Hungary’s government is withdrawing an earlier decision to require a mid-level foreign language exam for admission to an institution of higher education, Gergely Gulyás, the head of the Prime Minister’s Office, said at a regular press briefing on Thursday.
Introducing the requirement would have created serious difficulties in some areas of study, such as agriculture, Gulyás said.
He added that the National Union of Students in Hungary (HÖOK), the network of Roma colleges and the language teachers association had asked for the requirement to be scrapped.
HÖOK and the PSZ trade union of teachers welcomed the government’s decision to scrap the foreign language exam requirement for tertiary education admission.
PSZ said in a statement that it agreed with the need for more young people to speak at least one foreign language but the current public education system was not up to the task of preparing students to meet language exam requirements.
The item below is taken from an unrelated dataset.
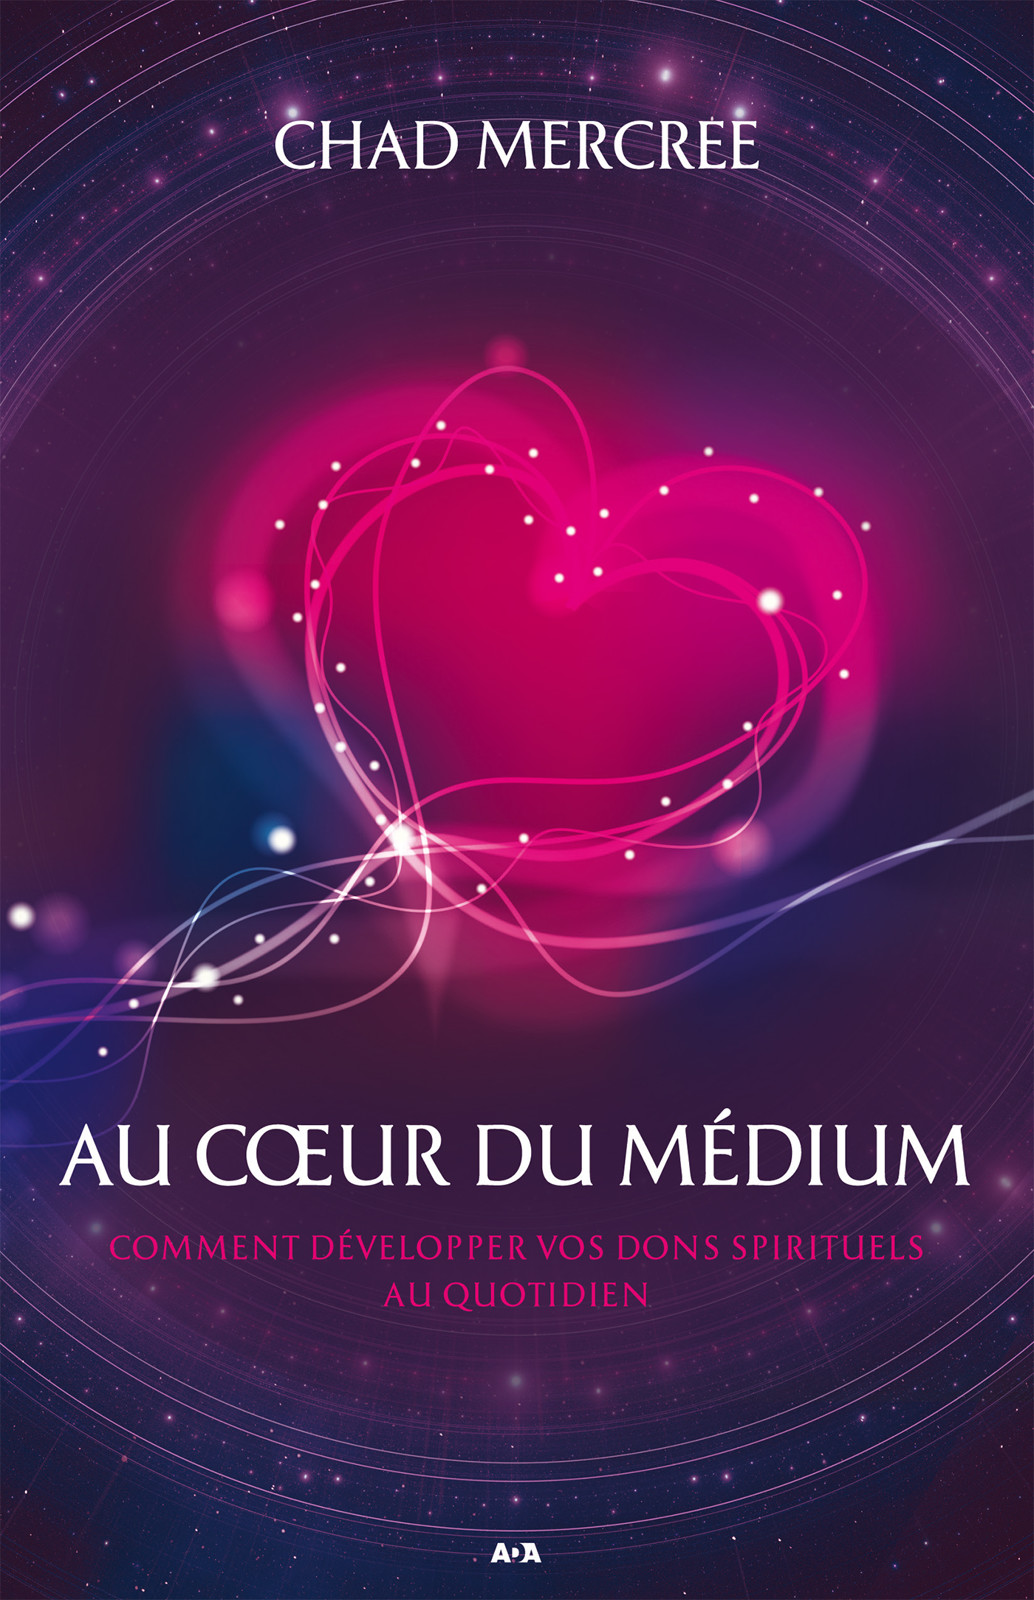 Au coeur du médium

HÖOK said competitive language skills were indeed vitally important for young people but the public education system should be capable of providing the relevant training first.
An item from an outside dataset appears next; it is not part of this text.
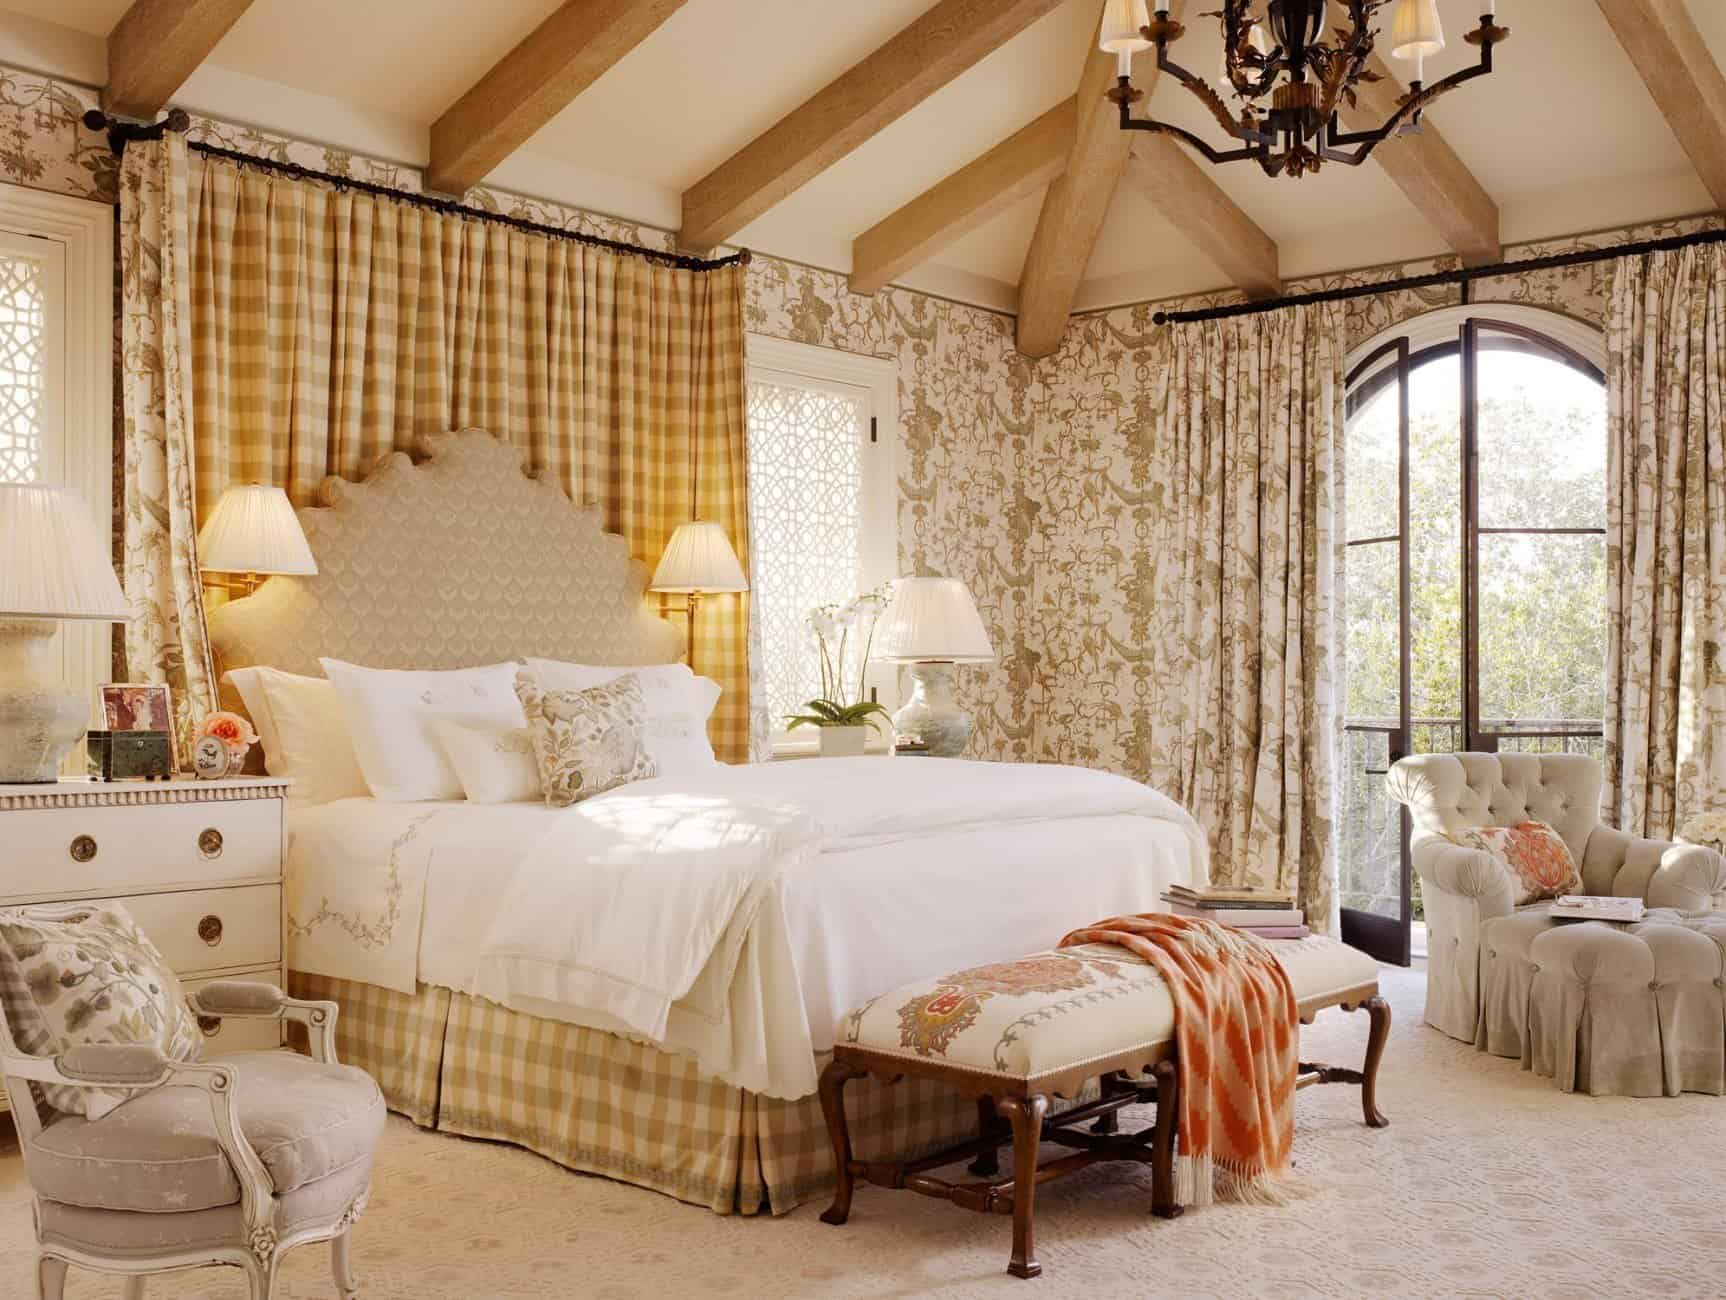 Carmel-Valley-Residence-Tucker-Marks-16-1 Kindesign

On another topic, Gulyás said
the government had raised funding for health insurance by over 34 billion forints (EUR 102.5m), mainly to make certain health-care treatments, such as products for treating breast or lung cancer, more accessible.
The government has also decided to support the foundation of a museum and conference centre named after Cardinal József Mindszenty in Zalaegerszeg, in south-western Hungary, and an integrated centre for head-related surgeries in Szeged, in southern Hungary, he said.
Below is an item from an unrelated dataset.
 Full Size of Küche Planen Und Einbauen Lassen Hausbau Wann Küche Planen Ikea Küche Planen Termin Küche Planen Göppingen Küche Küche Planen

Responding to a question on the EU budget, Gulyás said most member states did not regard the proposal submitted by the outgoing European Commission to be open to debate and an agreement was unlikely to be reached, even under the Croatian EU presidency, given the current chasm of opinion between them. A deal may be reached during Germany’s presidency since Germany had the muscle to persuade the various sides to reach an agreement, he suggested.
Gulyás said Hungary was a standard-bearer for European enlargement, adding the government had been assured that Olivér Várhelyi, Hungary’s commissioner nominee, would receive the enlargement and neighborhood portfolio, and, to his knowledge, this was still the state of affairs.
Meanwhile, the head of the Prime Minister’s Office said any debate concerning Hungary and the euro was “academic”. Hungary, he noted, had undertaken to adopt the single currency at some point but not by a specific deadline.